Глава 47

We use cookies. Read the Privacy and Cookie Policy

Глава 47

Офис генерального прокурора США

Даллас, штат Техас

22 июля 1964 года

Во время поездки в Даллас Либлер опросил еще нескольких свидетелей, в том числе Эйбрахама Запрудера, фабриканта женской одежды, любительская видеокамера которого запечатлела главные моменты убийства. Давая под присягой показания Либлеру, Запрудер, не в силах сдержать слез при воспоминаниях об увиденном на Дили-Плаза, готов был винить себя во всем.
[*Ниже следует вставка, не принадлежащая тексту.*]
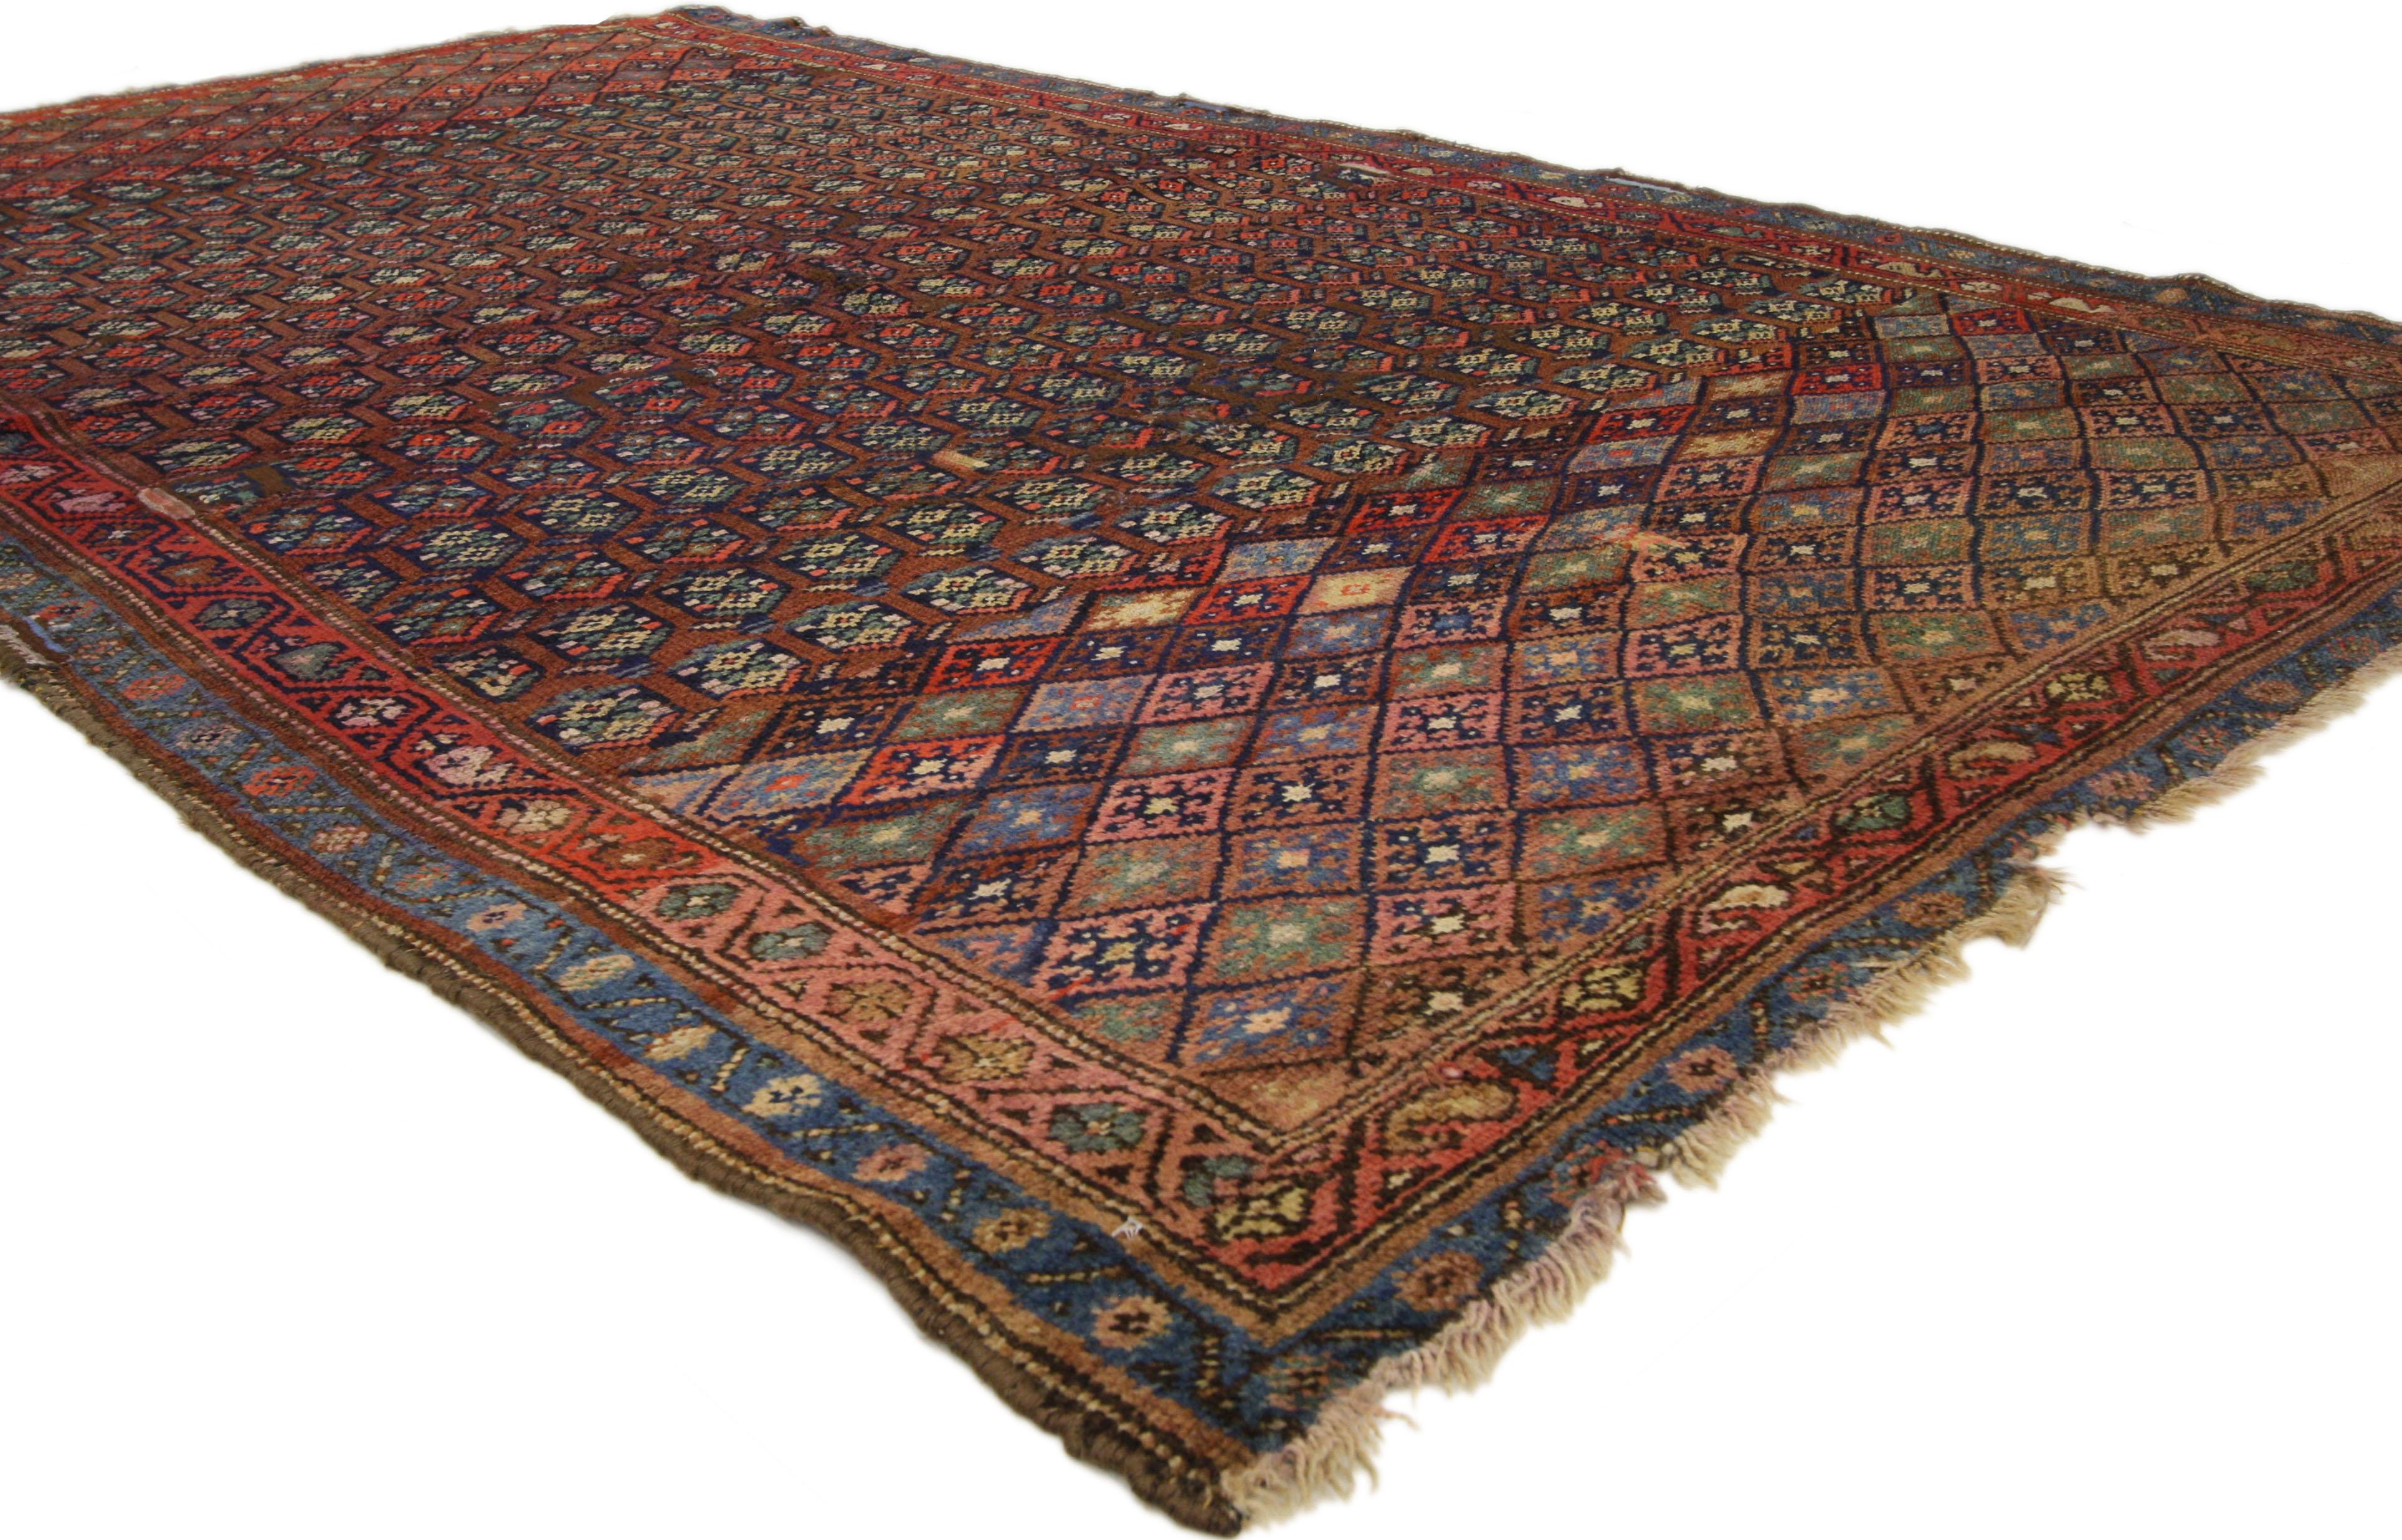 72611 distressed antique Persian Kurd rug with Adirondack Lodge style. This hand knotted wool distressed antique Persian Kurd rug features an all-over geometric pattern composed of lozenges and boteh motifs. It is enclosed with a double meander

Уоррена давно тревожил тот факт, что Запрудер продал права на фильм журналу Life, и Либлеру было велено с пристрастием расспросить Запрудера о том, сколько ему заплатили за пленку. Уоррен сказал, что, по его мнению, продажа фильма создает нехороший прецедент для торговли судебными уликами.

– Я хочу попросить вас: не могли бы вы рассказать, сколько вам заплатили за фильм, – обратился Либлер к Запрудеру. – По мнению комиссии, такая информация может быть очень полезной1.
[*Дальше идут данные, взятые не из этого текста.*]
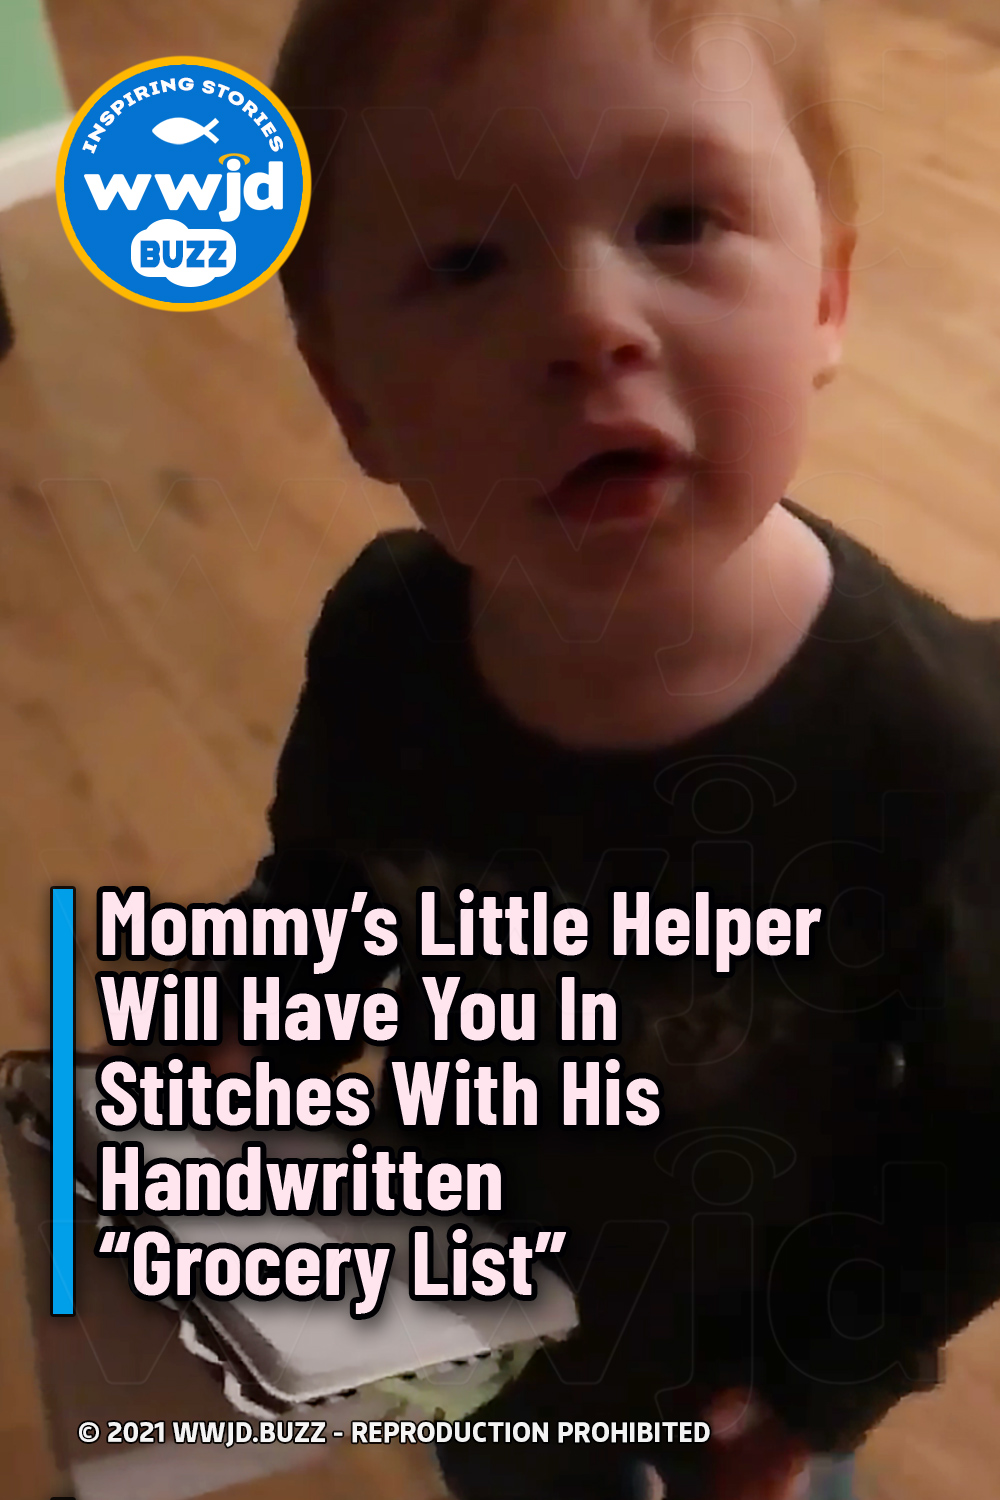 Mommy’s Little Helper Will Have You In Stitches With His Handwritten “Grocery List”

Запрудер, похоже, смутился:

– Интересно, я обязан отвечать или нет? Потому что тут много всего, дело не только в деньгах.

Либлер настаивал и еще раз повторил вопрос.
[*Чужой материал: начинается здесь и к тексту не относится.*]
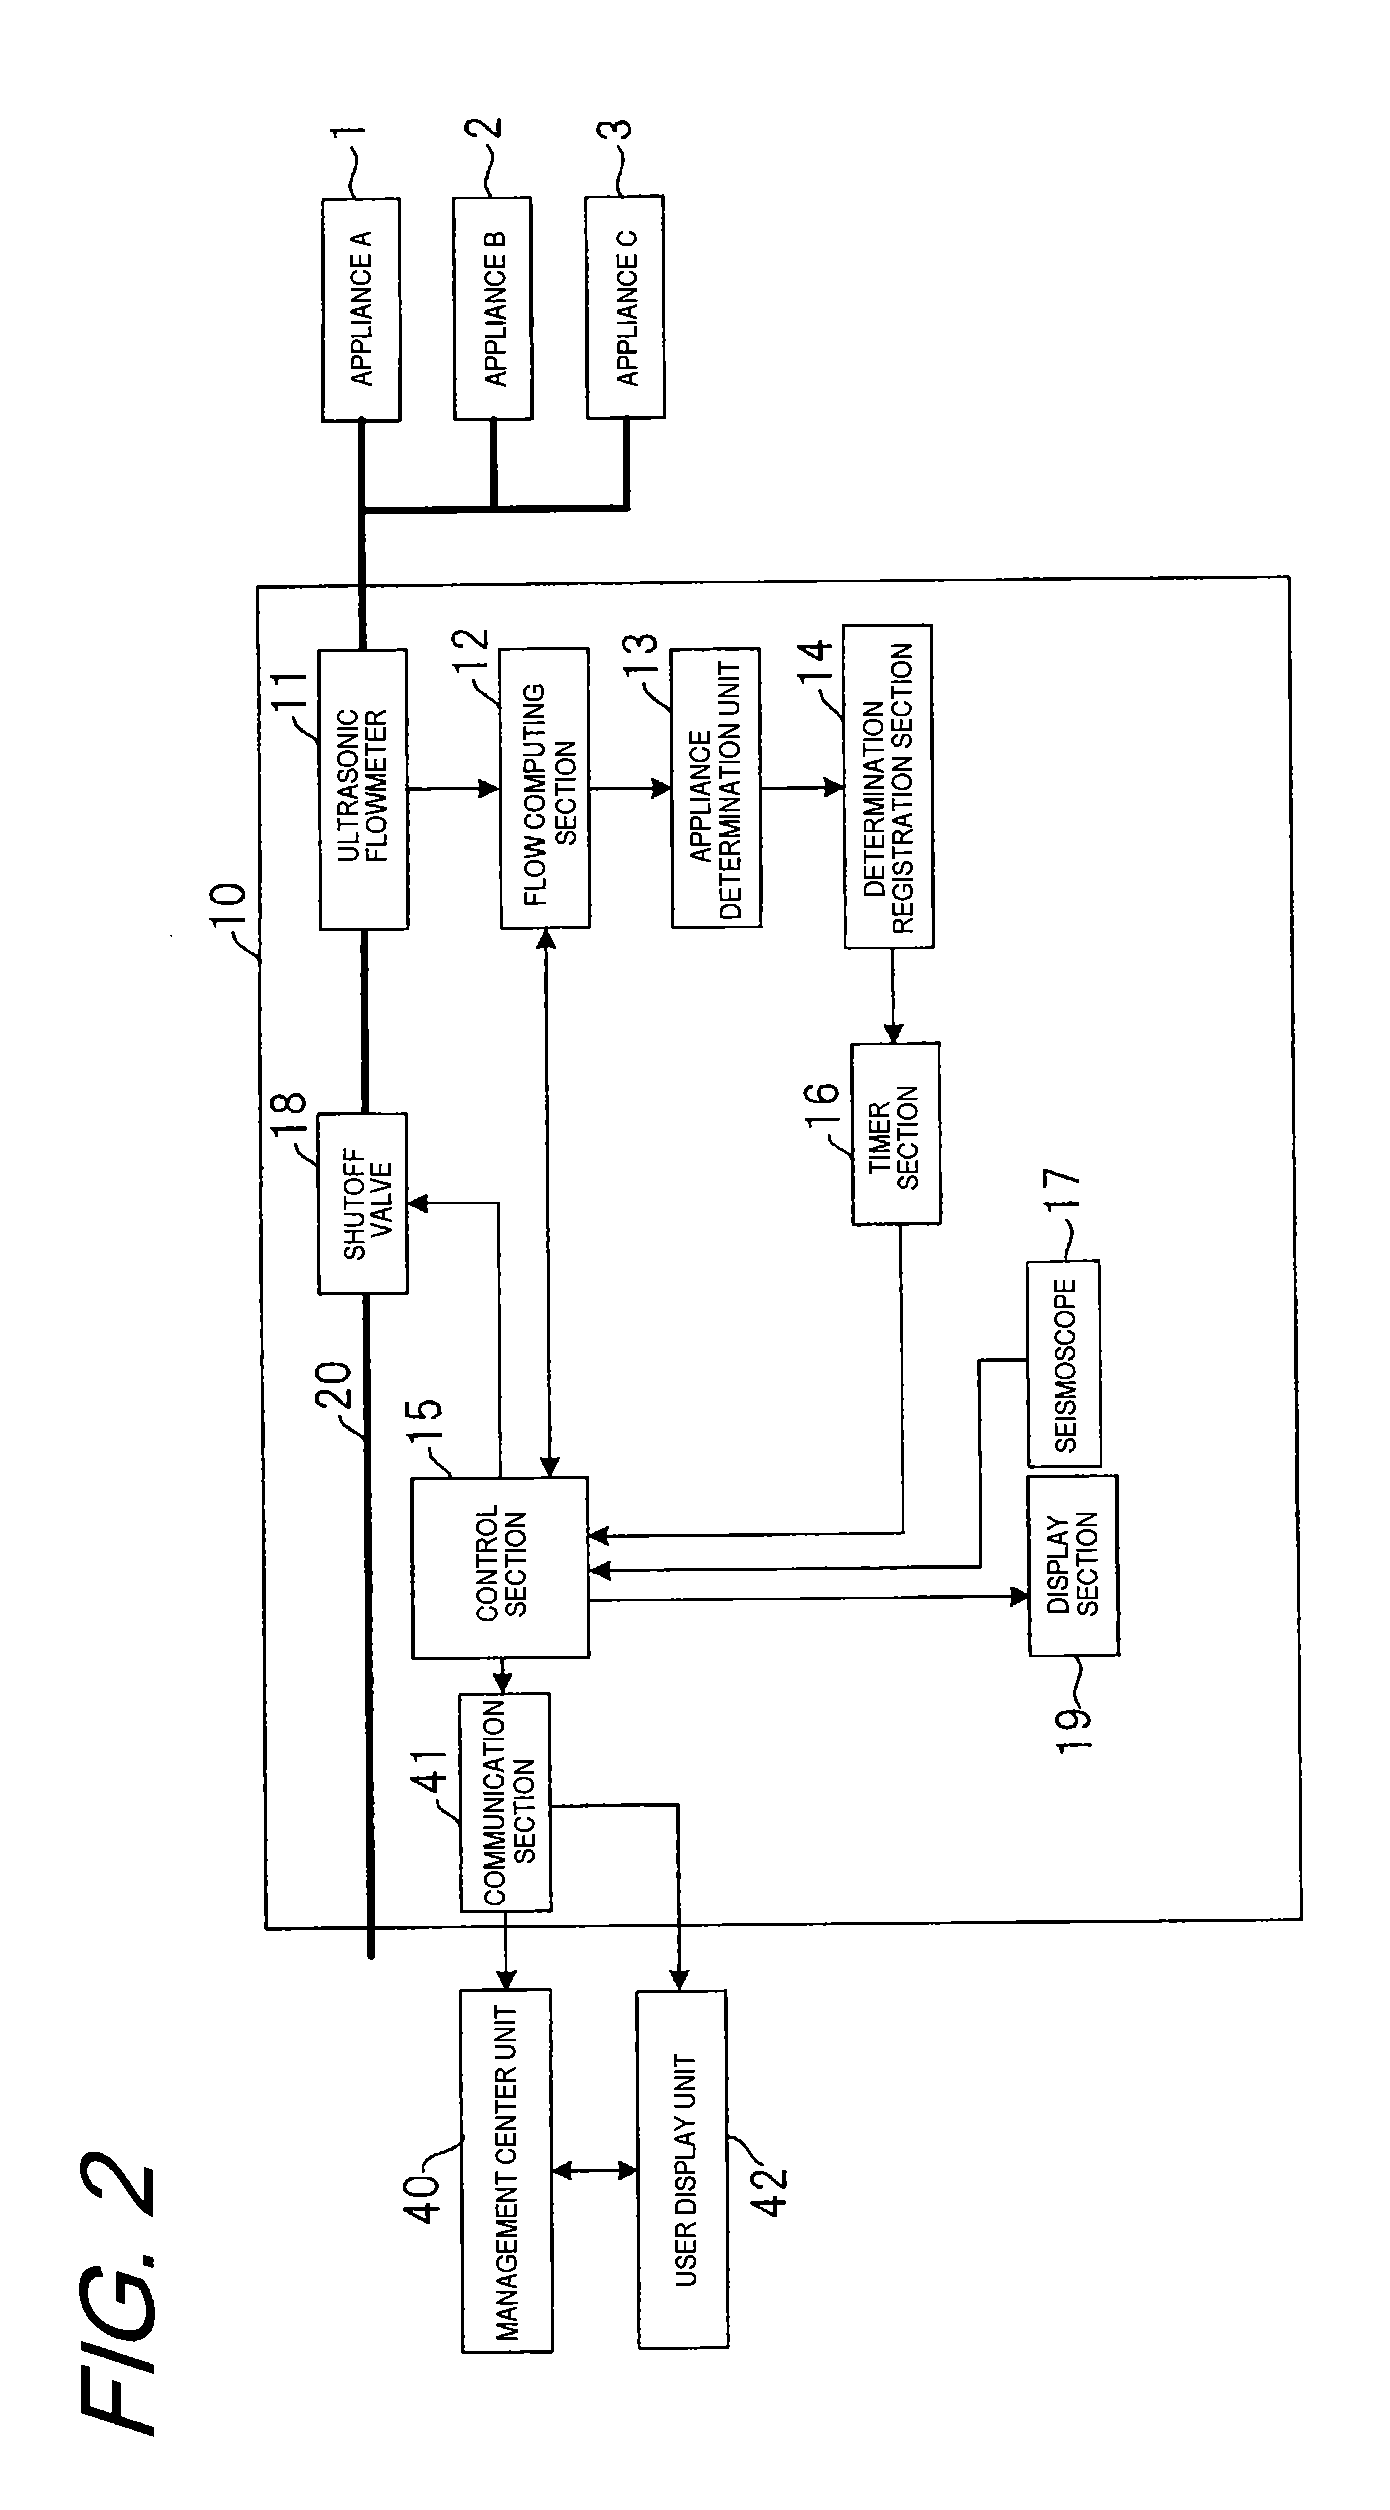 Appliance management system and gas supply system

– Я получил двадцать пять тысяч долларов, – ответил Запрудер и пояснил, что все вырученные деньги направил в далласский благотворительный фонд помощи полицейским и пожарным, высказав пожелание, чтобы их передали вдове полицейского Джея Ди Типпита[23].

– Вы передали всю сумму, все двадцать пять тысяч? – попросил уточнить Либлер.

– Да, – отвечал Запрудер. – Странно, что вы об этом не знаете. Но больше я не хочу об этом говорить.

Щедрость Запрудера приятно удивила Либлера.

– Мы очень признательны вам за ваши ответы, – сказал он. – И должен сказать, что ваш фильм стал самым большим подспорьем в работе комиссии.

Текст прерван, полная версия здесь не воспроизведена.